MK: After getting a degree in software engineering, he joined YWAM (Youth with a Mission) and did his DTS (Discipleship Training School) in Brazil. He became very interested in linguistics. Becoming proficient in Portuguese, he did a survival training in the Amazon jungle. While there he contracted dengue fever, which was scary. It was heart wrenching to know that he was suffering in the hospital, and we learned that many people die from this. He survived and went to the Himalayan mountains in India with YWAM, and then to Milan, Italy where he helped set up their computer system. Then he went to live and work in Columbia. Once he had to take a very primitive boat downriver to Brazil. He slept in a hammock, and some of the men on board were drug smugglers. It was a multi-day trip, which was very scary.
CC: What an amazing story of overcoming large sensory deficits to live in many different foreign places. The skills it took him to live in different countries and adjust accordingly are remarkable.
CC: Is there anything else that comes to mind when you think about parenting your youngest son?
MK: I read about Temple Grandin, a spokesperson for autism. One of her amazing accomplishments is to have developed a squeeze machine to calm her sensory overload. That gave me the idea of the importance of massage. I spent a lot of time massaging him and rubbing his skin. And later I took him to get massages. This helped him to be able to wear different clothes. This desensitization took a couple of years; it was not an overnight solution.

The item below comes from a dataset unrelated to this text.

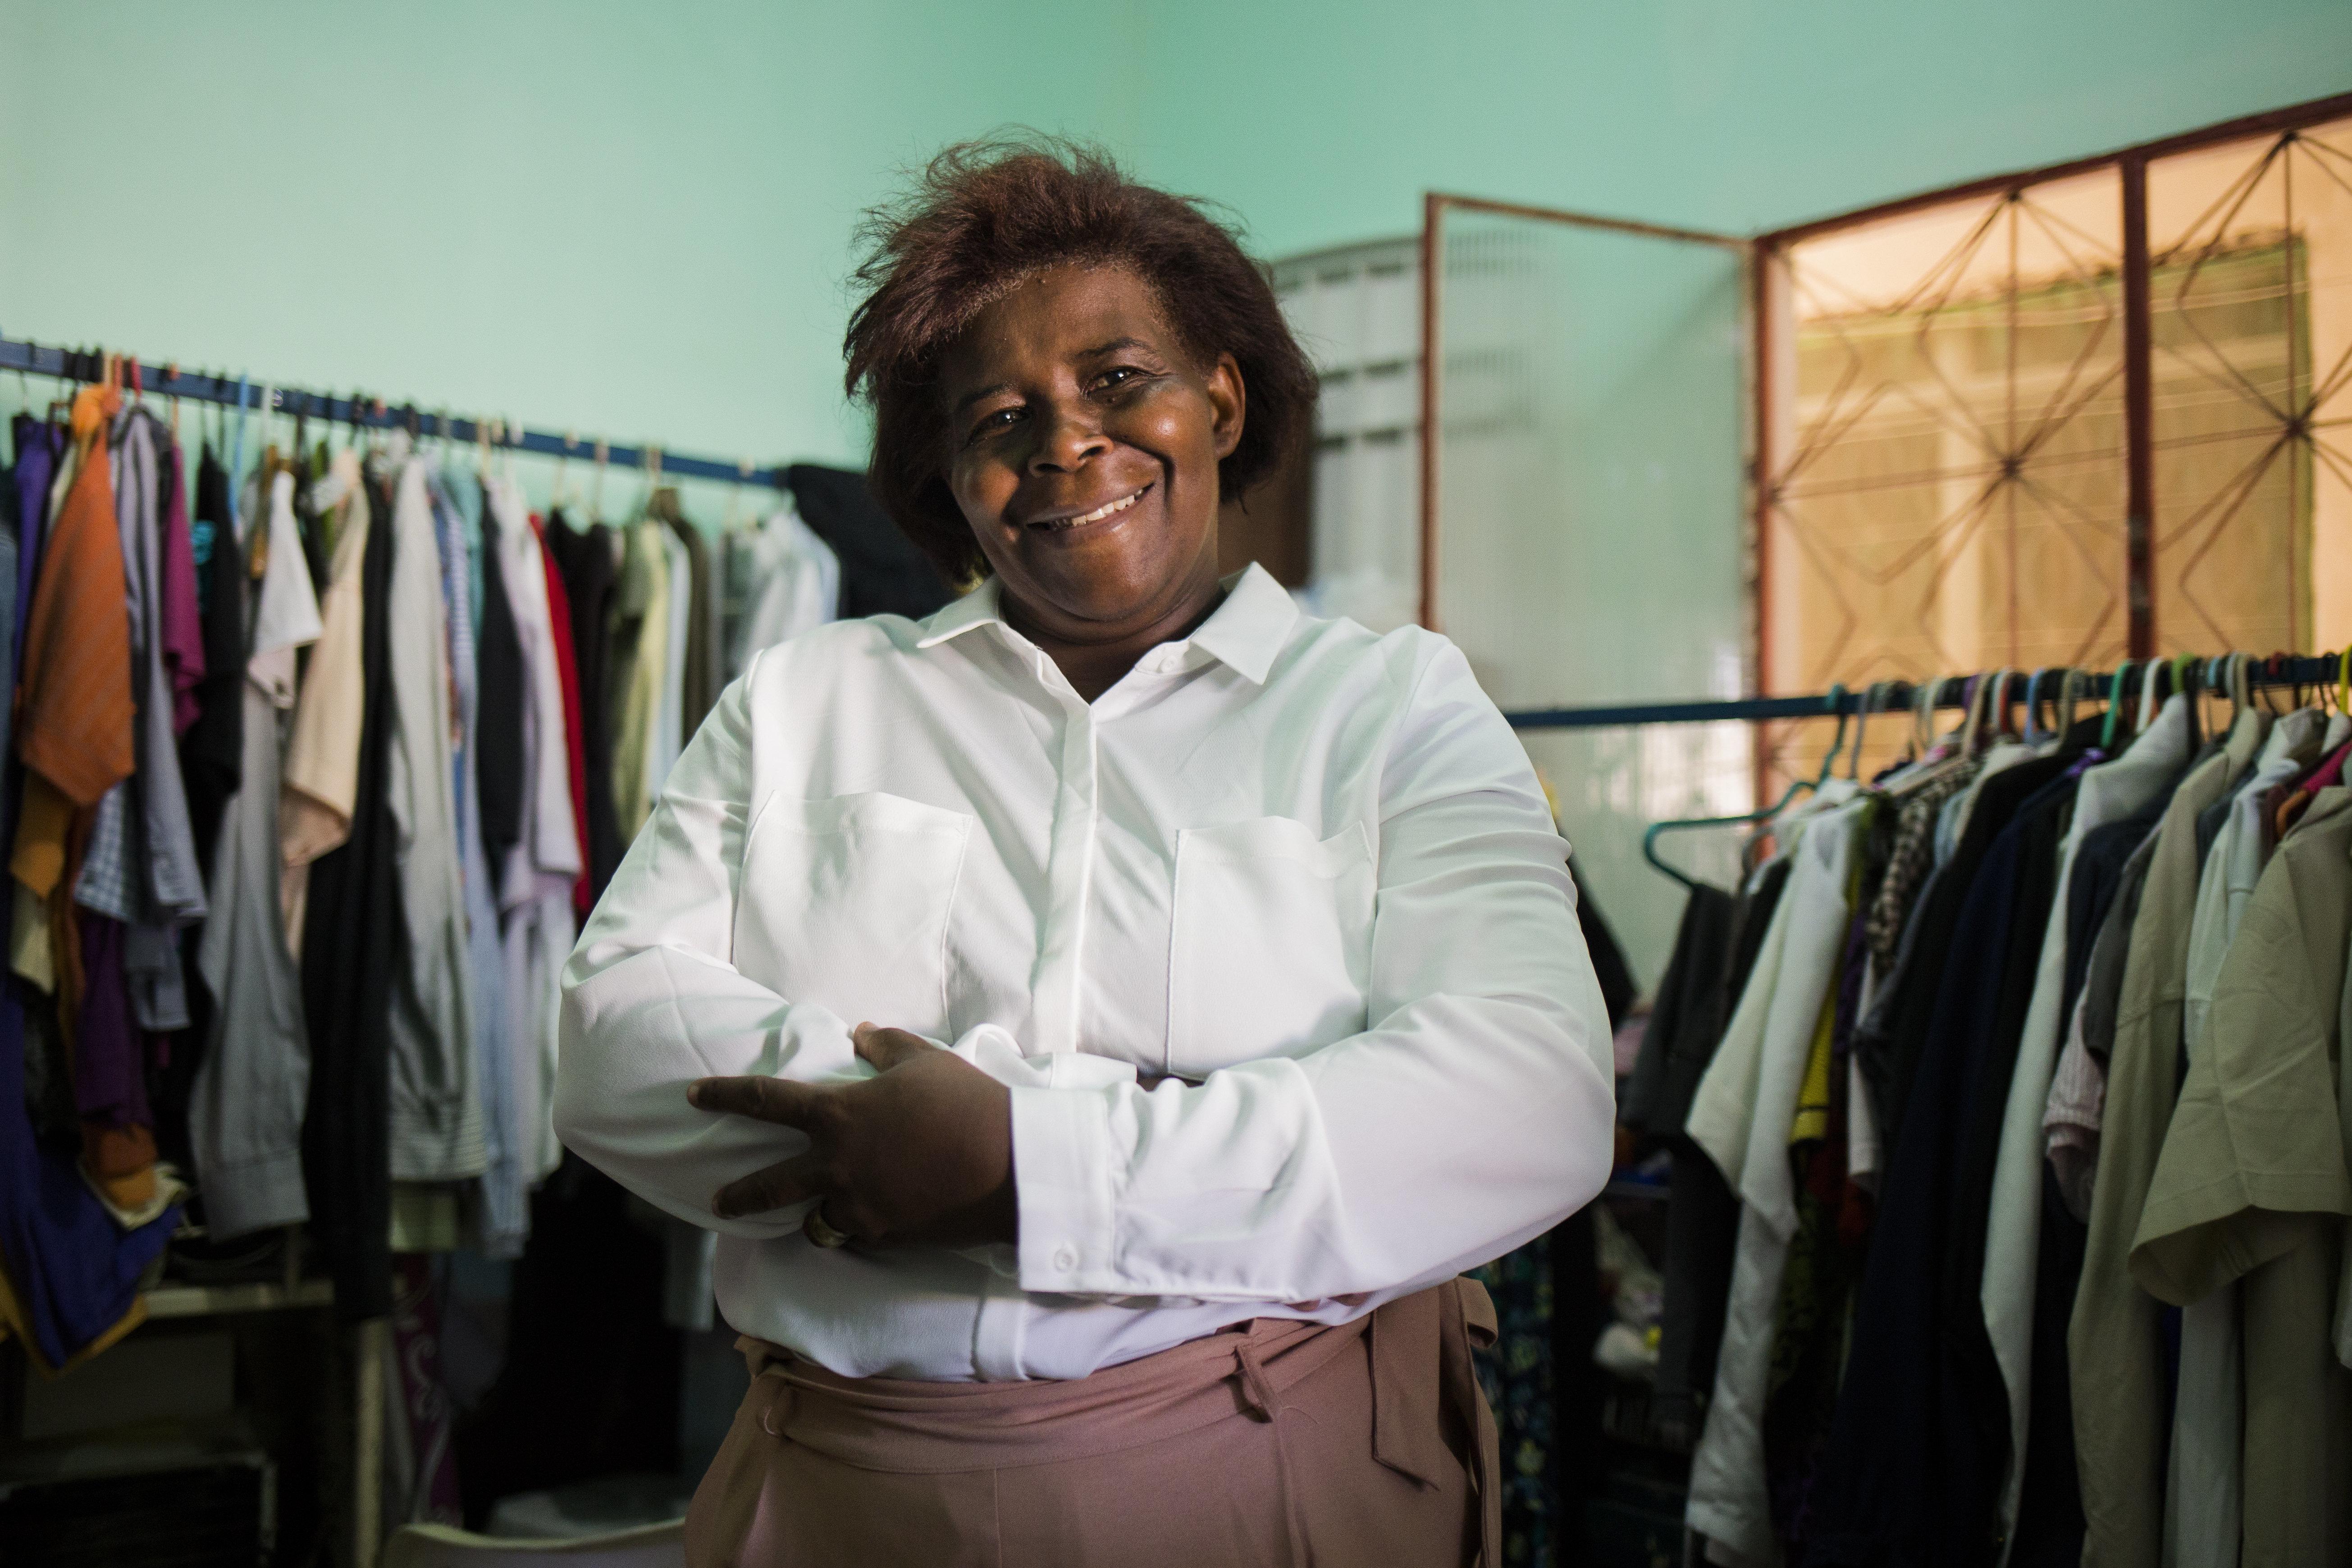 Sandra Santos, a cozinheira que ilumina a vida de mães de jovens infratores no

CC: How were your children impacted when you began to attune to them?
MK: All three of my children know they can tell me anything (sometimes I wish they didn’t)! Even today, they share their hearts with me. My grandchildren do this also. My grandson, 16 years of age, will ask if he can bring his girlfriend over and visit. They know they can tell me anything and I won’t try to give advice or tell them what to do. They know I love the Lord. They know they are loved. I see so many parents who lose that connection with their kids and grandkids. My daughter comes over once a week, and we spend the afternoon together.
CC: Now that you know more about maturity, are there things you wish you had done differently with your children?
MK: I wish I had not been so strict. I wish I would have listened more and allowed them to be children. Just throw all the books out and let the Holy Spirit lead. All of this book knowledge can lead to legalism. Especially throw out the authors that say they are experts.